Merlin a magician at survival

Well, it is more instinct than magic. A telling story all the same. —Editor.

Merlin, a wild horse, survived Hurricane Florence in quarantine on lands owned by the National Park Service. Photo courtesy of Kathy Knight/Foundation for Shackleford Horses.
Merlin, a wild horse, survived Hurricane Florence in quarantine on lands owned by the National Park Service. Photo courtesy of Kathy Knight/Foundation for Shackleford Horses.

Outer Banks horse left alone in pasture may have had to swim to survive hurricane

Cross-posted from the Charlotte Observer

Written by Mark Price

A mystery has emerged in the telling of how the Outer Banks’ wild horses survived Hurricane Florence.

Instincts dating back five centuries compel the feral mustangs to either huddle on high ground — butts to the wind — or seek refuge in the maritime forest during storms, say experts.

But news has come of a Shackleford Banks horse named Merlin who was fenced in an “inundated” quarantine site during the storm, according the Foundation for Shackleford Horses.

“Given the condition of the site, Merlin was likely in deep water during part of the storm.
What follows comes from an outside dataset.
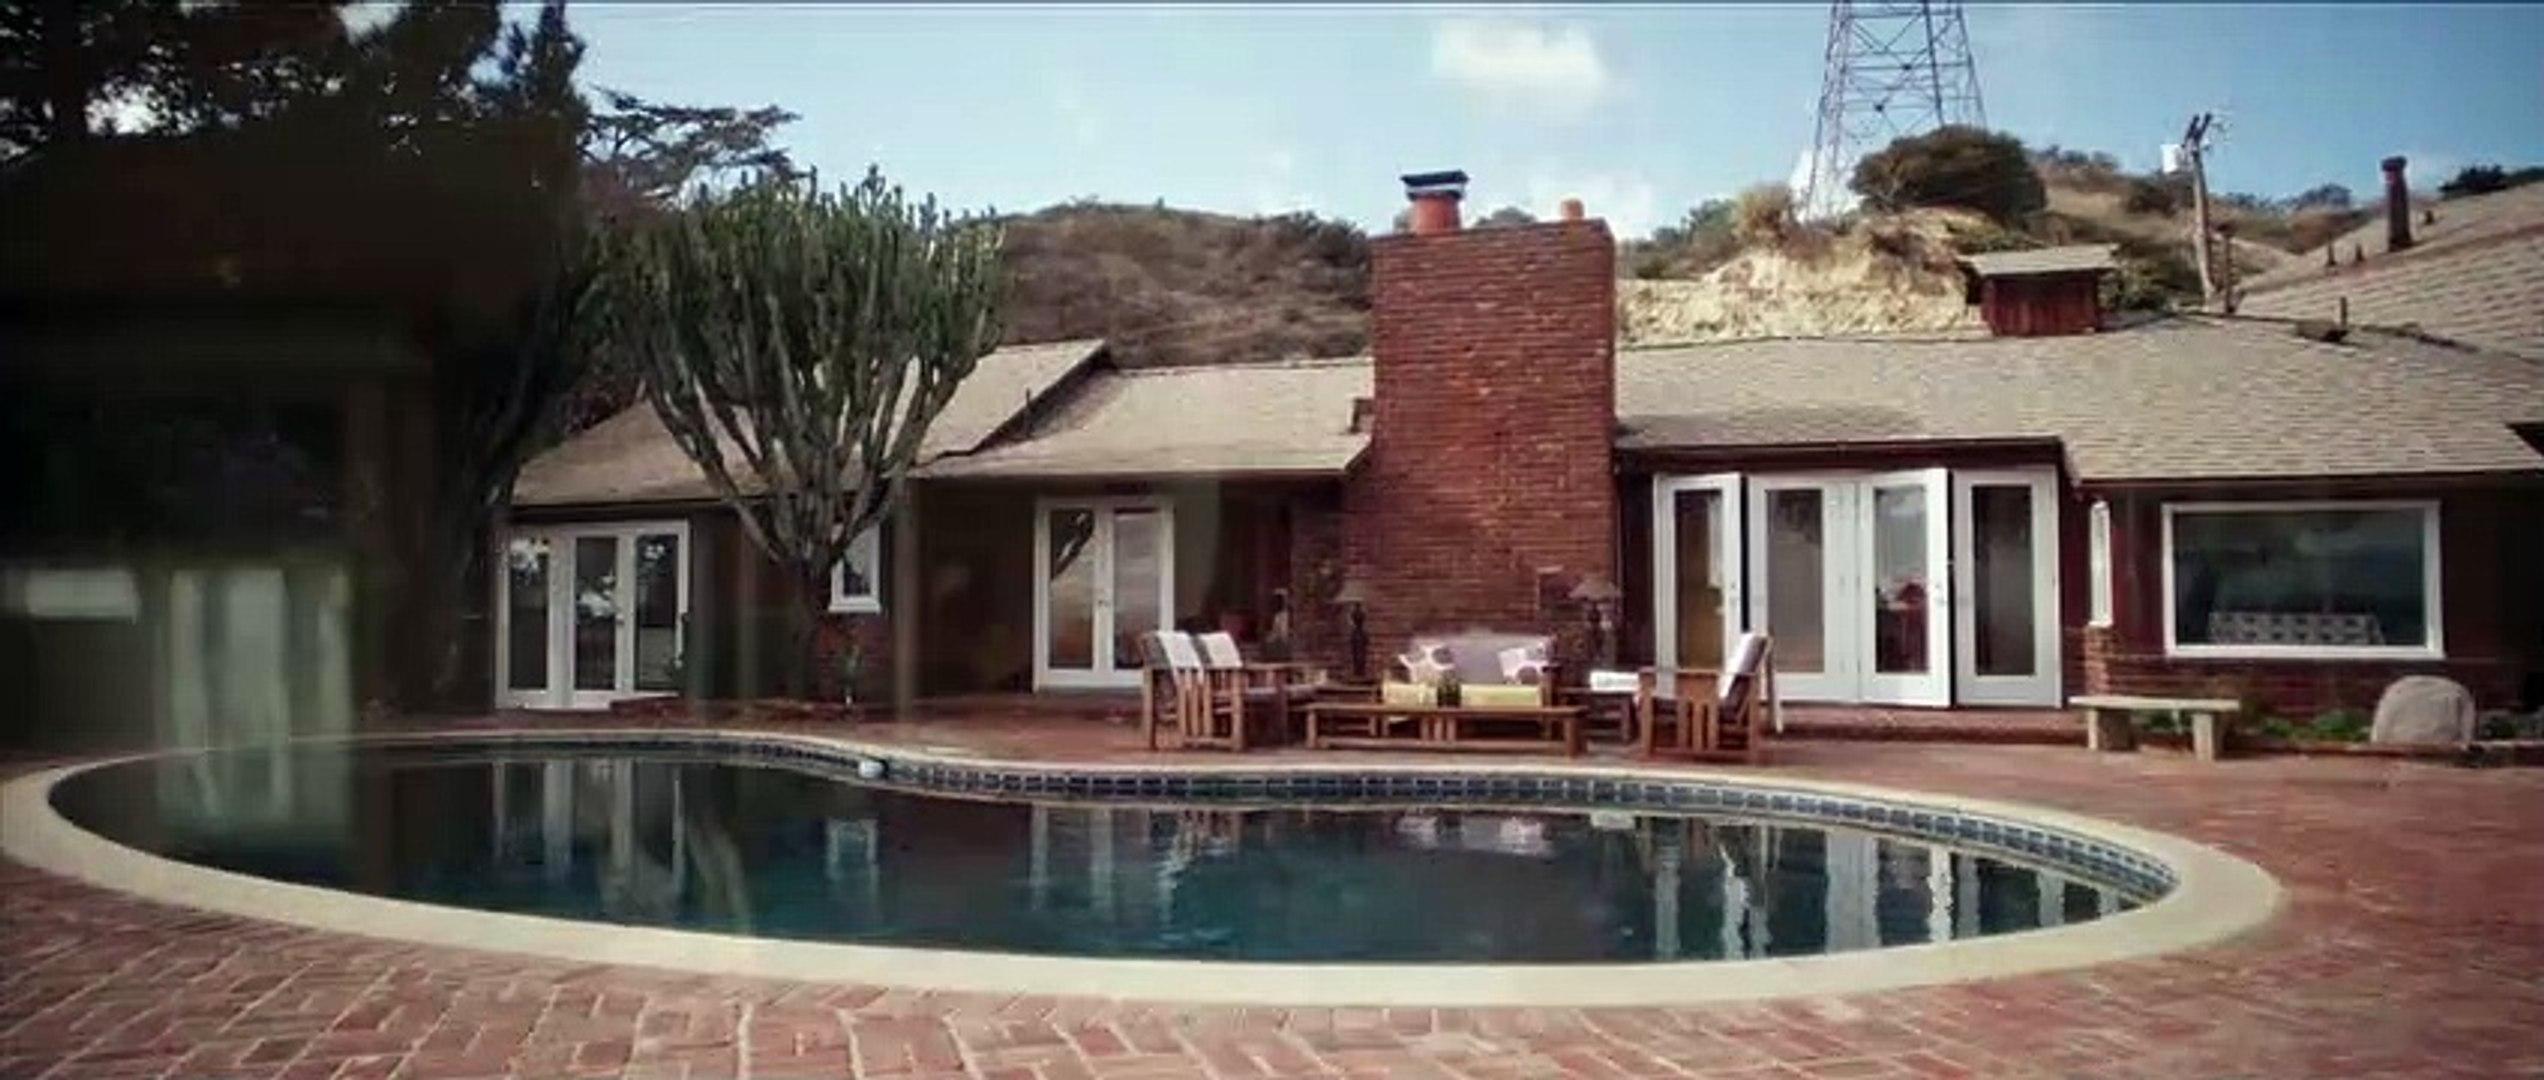 The Haunting of Sharon Tate Trailer #1 (2019) Hilary Duff, Jonathan Bennett Horror Movie HD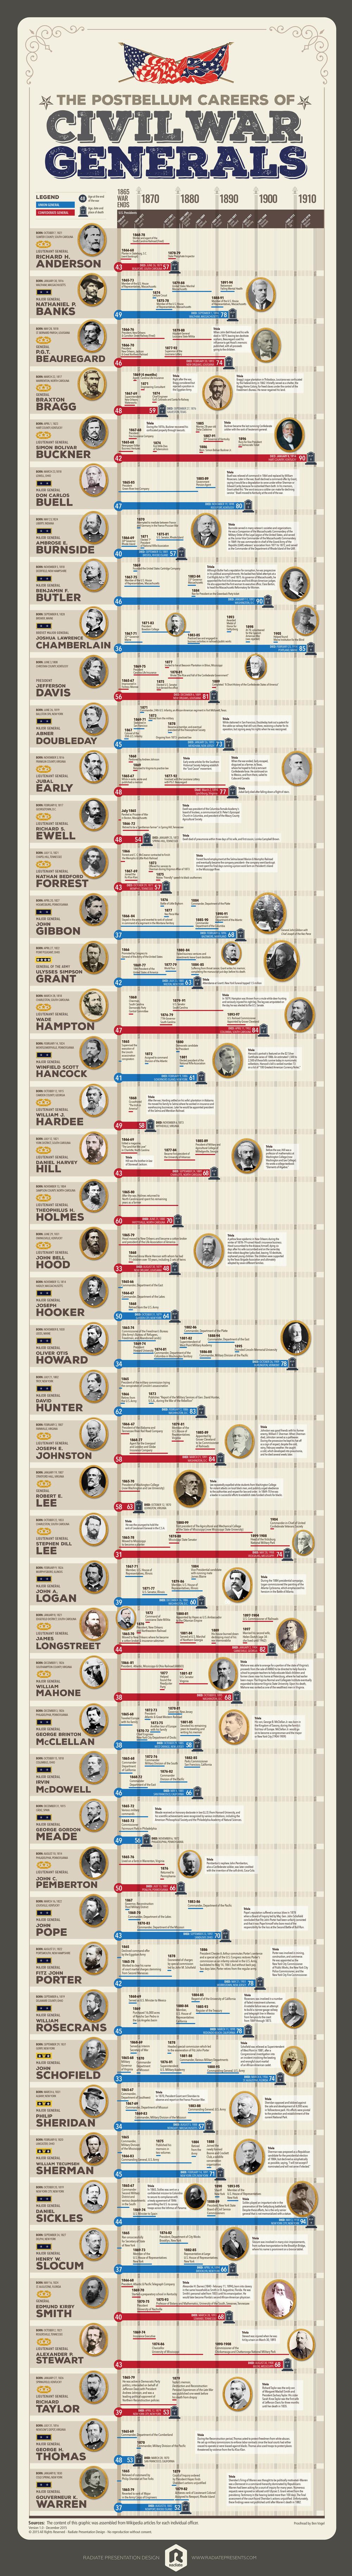 Postbellum Lives Infographic_2500px-01.jpg

His water trough was full of salt water,” she said, noting two volunteers hiked an hour through mud and debris to find him.

“Candidly, (we) anticipated they would be much more likely to find Merlin’s body than Merlin himself. But despite the fact that the barn was destroyed and much of the fencing was covered with debris and even laying down in some areas, there was Merlin, prick-eared, bright-eyed, and happy to greet them.”